The Kittyhawk introduced the ‘F’ model Allison engine, in place of the ‘C’ model as used in the Tomahawk. Although the take-off rating of the ‘F’ was little different at 1150 hp, it could deliver 1470 hp for combat, albeit limited to a maximum of five minutes. The spur reduction gear for the propeller was mounted externally on all P-40s powered by the ‘F’ model Allison (instead of internally as on the Tomahawk). This reduced the length of the aircraft by 6 in and raised the thrust line, allowing the undercarriage to be shortened slightly. The radiator was moved further forward under the nose and the fuselage cross-section was reduced, reprofiling of the rear fuselage allowing better lookout to the rear and below. Provision was also made for a ventral tank to be carried under the fuselage or a 500-lb bomb. Although it offered more power and slightly better altitude performance, this was offset by an increase of approximately 1000 lb in gross weight, with a combat-ready Kittyhawk IA tipping the scales at 8400 lb. As a result its take-off and climb performance was actually worse than that of the Tomahawk, and its manoeuvrability (never a strong point with the P-40) was also inferior.
Boscombe Down received its first Kittyhawks in February 1942 and trials were carried out over the next six months using AK572 and AL229. In contrast with the Tomahawk tested previously, there was much more room in the cockpit, with ample seat adjustment for height. Once again, however, the control column was set too far away from the pilot, which made it difficult to obtain full forward movement. The Sutton harness was satisfactory and a release lever was provided on the left of the seat to permit the pilot to lean forward. The view forward was similar to the Tomahawk and to the rear was good through transparent side panels, but the rear view mirror mounted above the windscreen was of little use.
The Kittyhawk was fitted with trimming controls to the elevator, rudder and ailerons, the trim tab controls for the elevator and rudder being similar to the Tomahawk. The aileron trim tab was fitted to the port wing and was actuated by an electric motor controlled by a switch on the electric control panel. This switch was not particularly easy to operate, but as the changes in lateral trim were so small in flight, it was used very infrequently. Operation of the trimmer was satisfactory with no tendency to slip. However, overall, it was felt that the provision of aileron trim was an unnecessary complication and a fixed trim tab that could be set on the ground would have been sufficient. Engine throttle, mixture and propeller controls were in a box on the pilot’s left. However, with no friction damper, the throttle lever tended to slip back. If adjustments were made on the ground to stop the throttle from slipping when in the air, the propeller control was then almost immovable.
The electric propeller control was that normally fitted on Curtiss aircrews. A master safety switch, with ON and OFF positions, was fitted on the electric control panel. This switch was normally kept in the ON position, except in an emergency. On the right of this switch was a three-position selector for selecting either manual or automatic operation of the propeller.
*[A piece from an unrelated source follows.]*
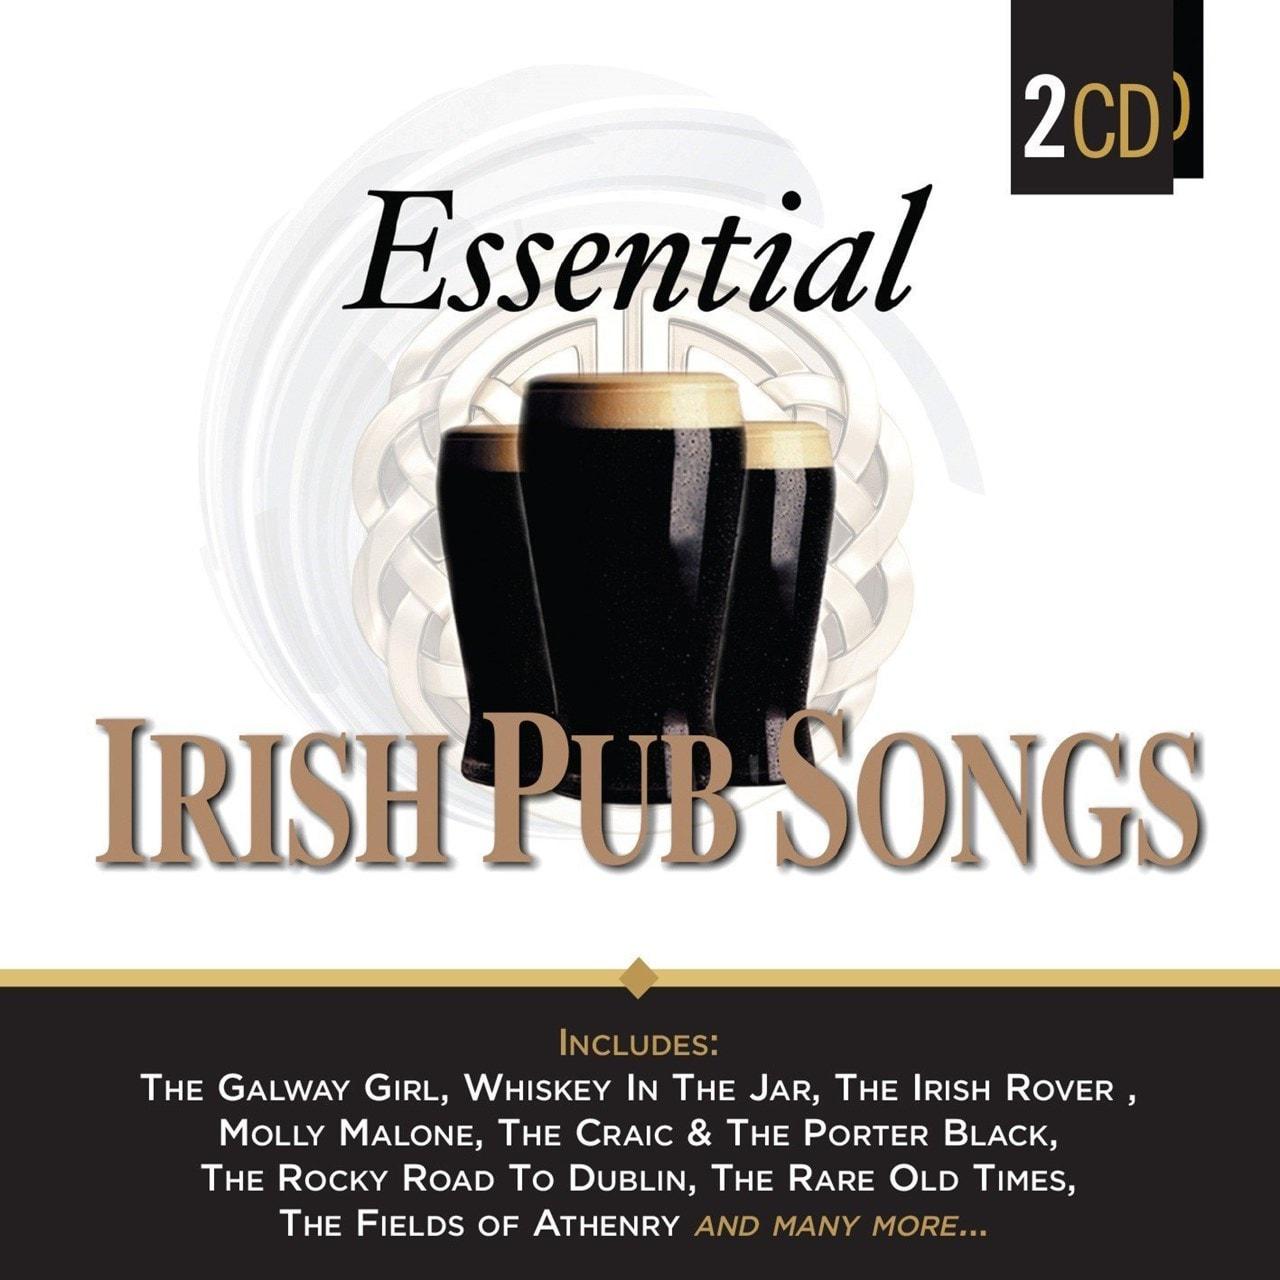 Essential Irish Pub Songs - 1

When this switch was moved up to ‘auto’, engine rpm was controlled through a governor unit and a change of rpm was obtained by moving the propeller control lever located beside the throttle lever. When the switch was moved to either of the two down positions, then ‘manual’ operation was obtained. When the switch was moved to the bottom left position, propeller pitch decreased and rpm increased, whilst if it was moved to bottom right there was an increase in pitch and decrease in rpm. The circuits for the ‘auto’ and ‘manual’ positions were independent, and in the event of failure of the governor, the pitch of the propeller could be changed by the ‘manual’ switch.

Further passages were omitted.